QUESTIONS AND ASSIGNMENTS:

3.6. Linguistic Information

When you pass ever to the analysis of the linguistic information proper you consider four levels of language exposition:

  • the level of the sounds,

  • the level of the words,

  • the level of the sentences,

  • the level of the text

QUESTIONS AND ASSIGNMENTS:

3.6.1. Sound Level

Usually the analysis of a sound scheme helps to decode the information of a poem [See Yu.Lotman, 1994]. Numerous researchers and poets tried to define the correspondence between the sound scheme of a poem and its semantics.

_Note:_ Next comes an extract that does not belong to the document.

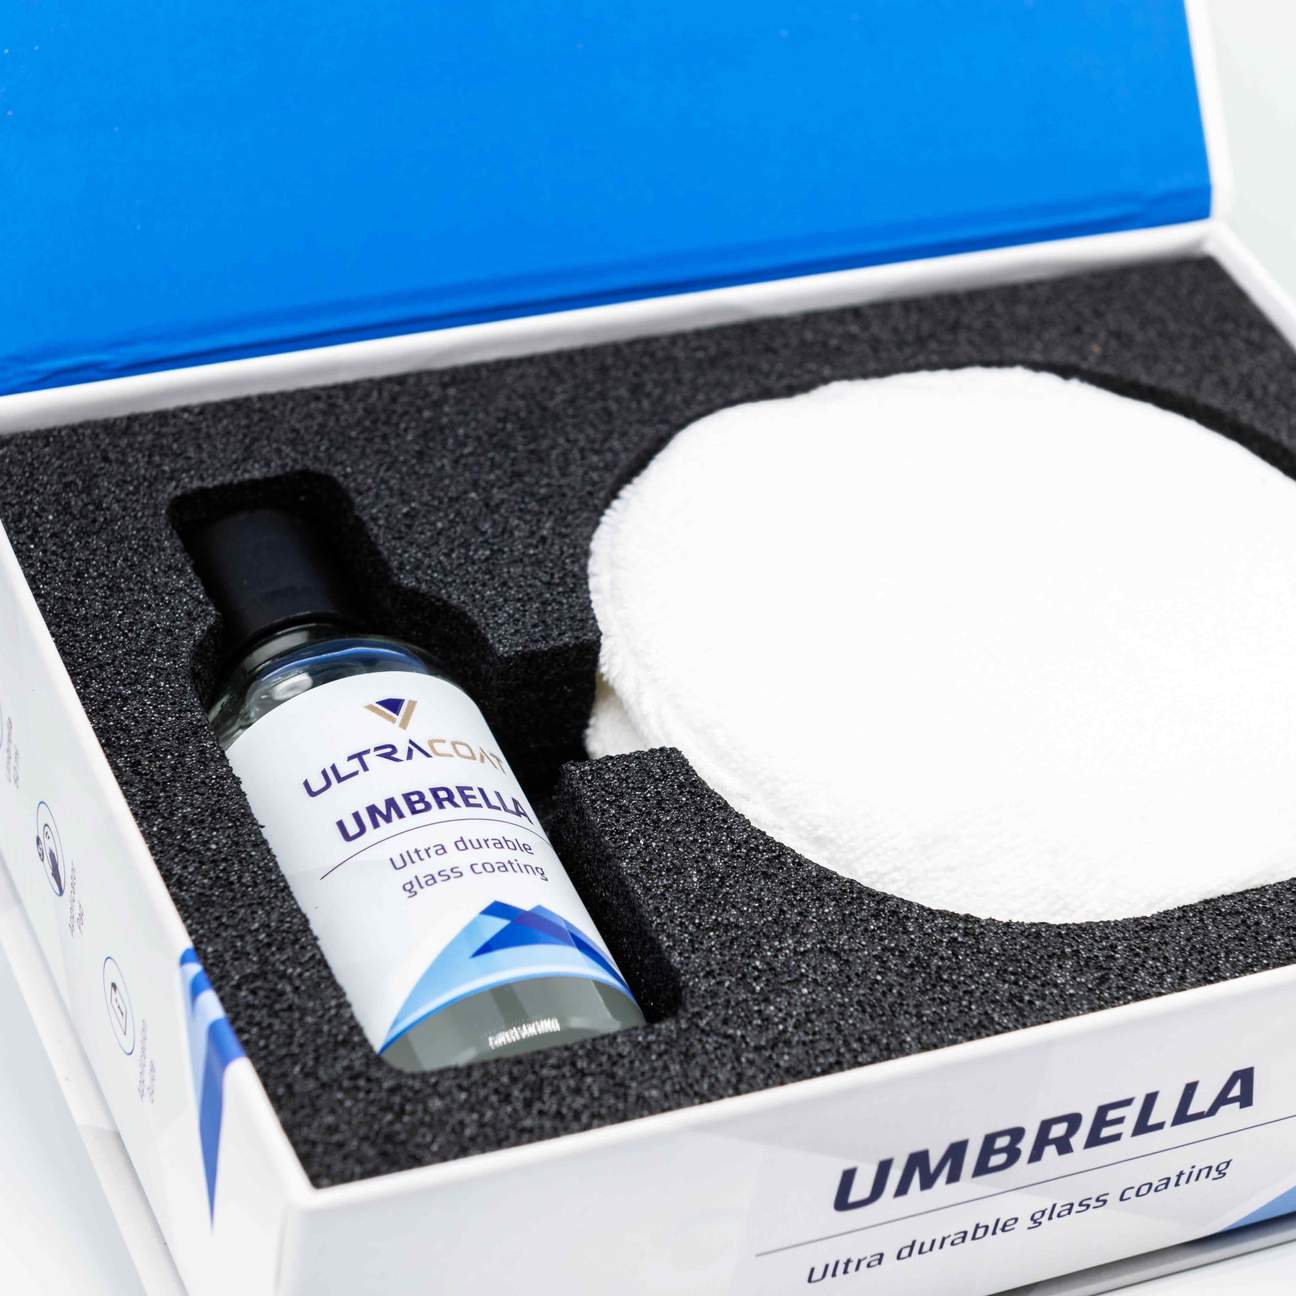 UltraCoat Umbrella - Trattamento nanotecnologico antiacqua vetri
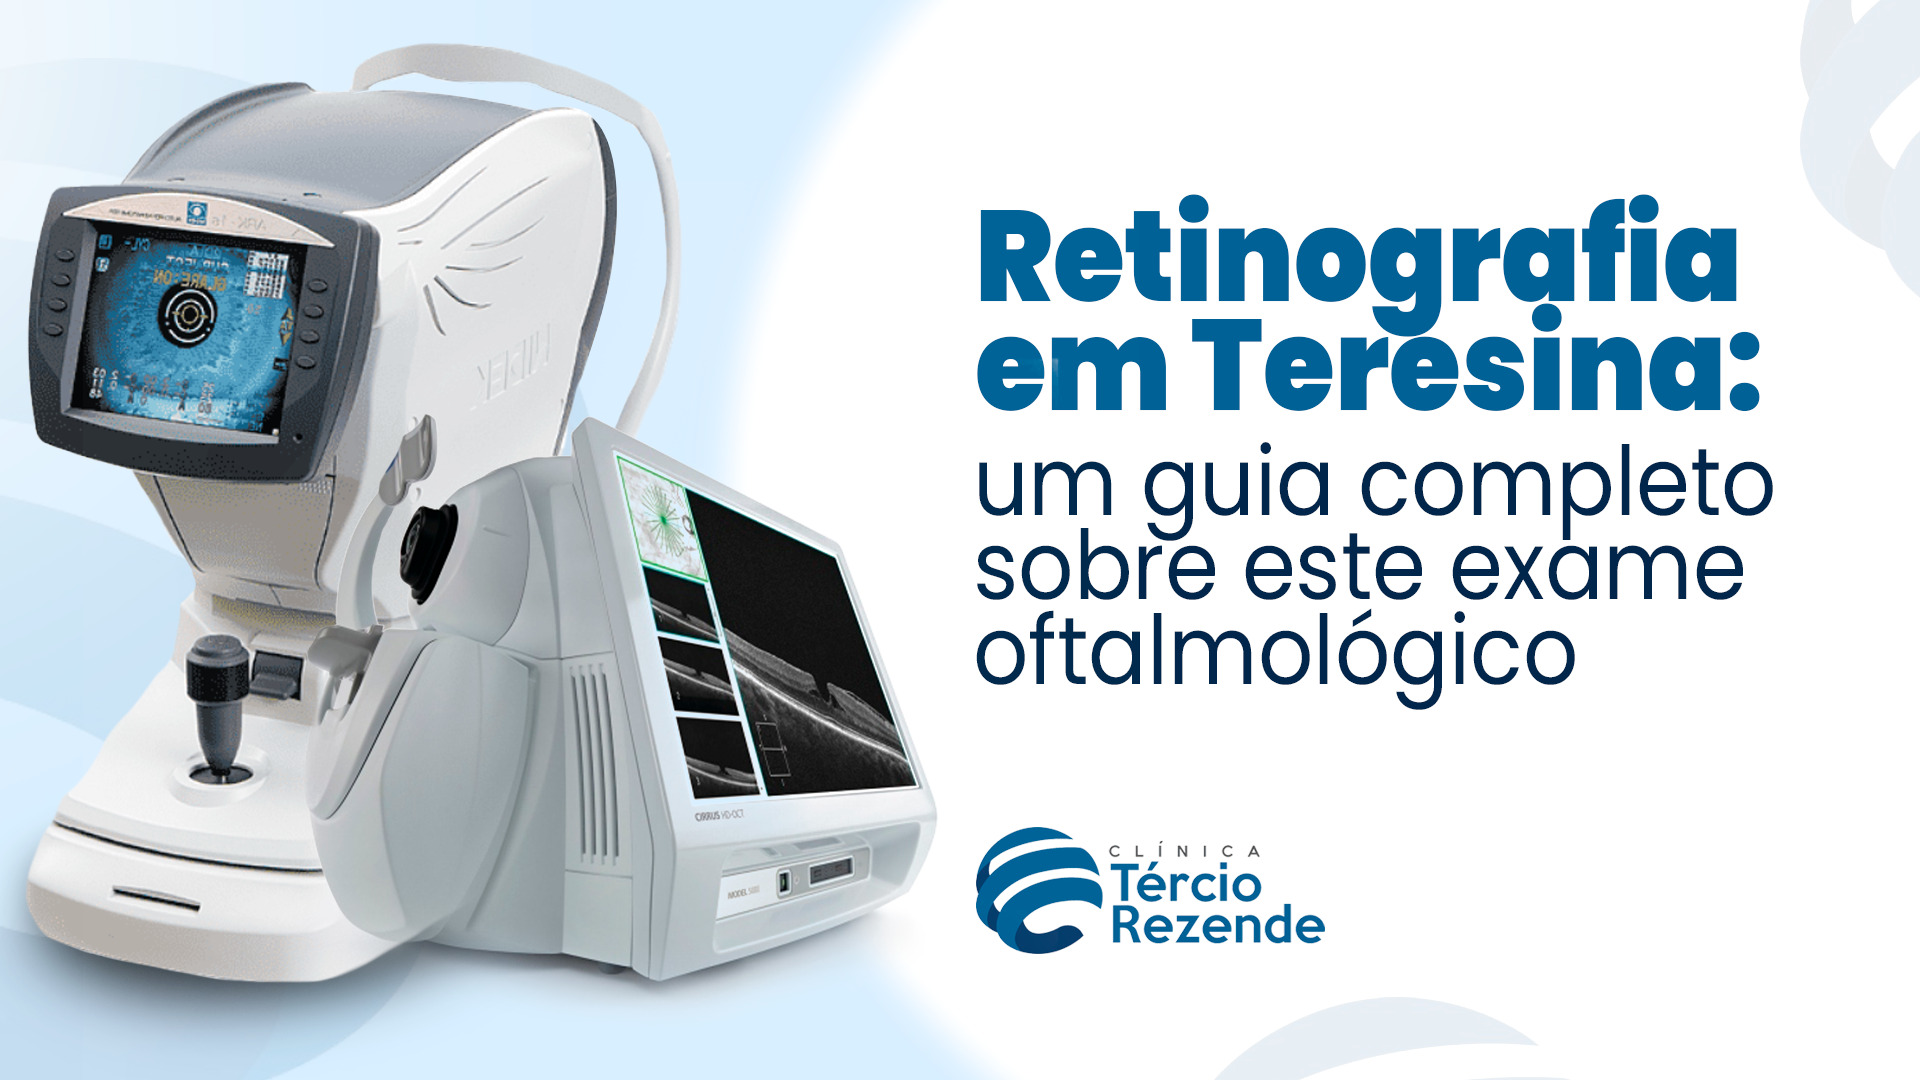 Retinografia em Teresina: um guia completo sobre este exame oftalmológico

Poets and critics of symbolic movement, for instance, established the correspondence between the sound “O” and the expression of grief (Paul Verlaine). The “deconstructive” analysis of Shakespearean sonnet N 116 permitted to spot a speech act of threat in the phrase admit impediments, where dental and labial consonants together with short front vowels produce a cacophony [Lye, 1997: Impediments]. The text, which is chosen for analysis is an extract from a novel, still it is advisable to take into consideration its sounding, as Joyce started his literary career as a poet, and many artistic discoveries from his poems (Chamber Music, Pomes Penyeach) are developed in his prose. The sound scheme of the text under analysis rests upon the combination of dominating sonants and diphthongs: the whole place swimming in roses; nothing like nature the wild mountains; sailors playing all birds fly. Such sound scheme is not only the evidence of Joycean poetic and musical talent and of his intention to produce a sort of a love-song, but also the evidence of an additional structural characteristic of his heroine: Marion is at home in the world of music, which corresponds to her social role of a music hall singer.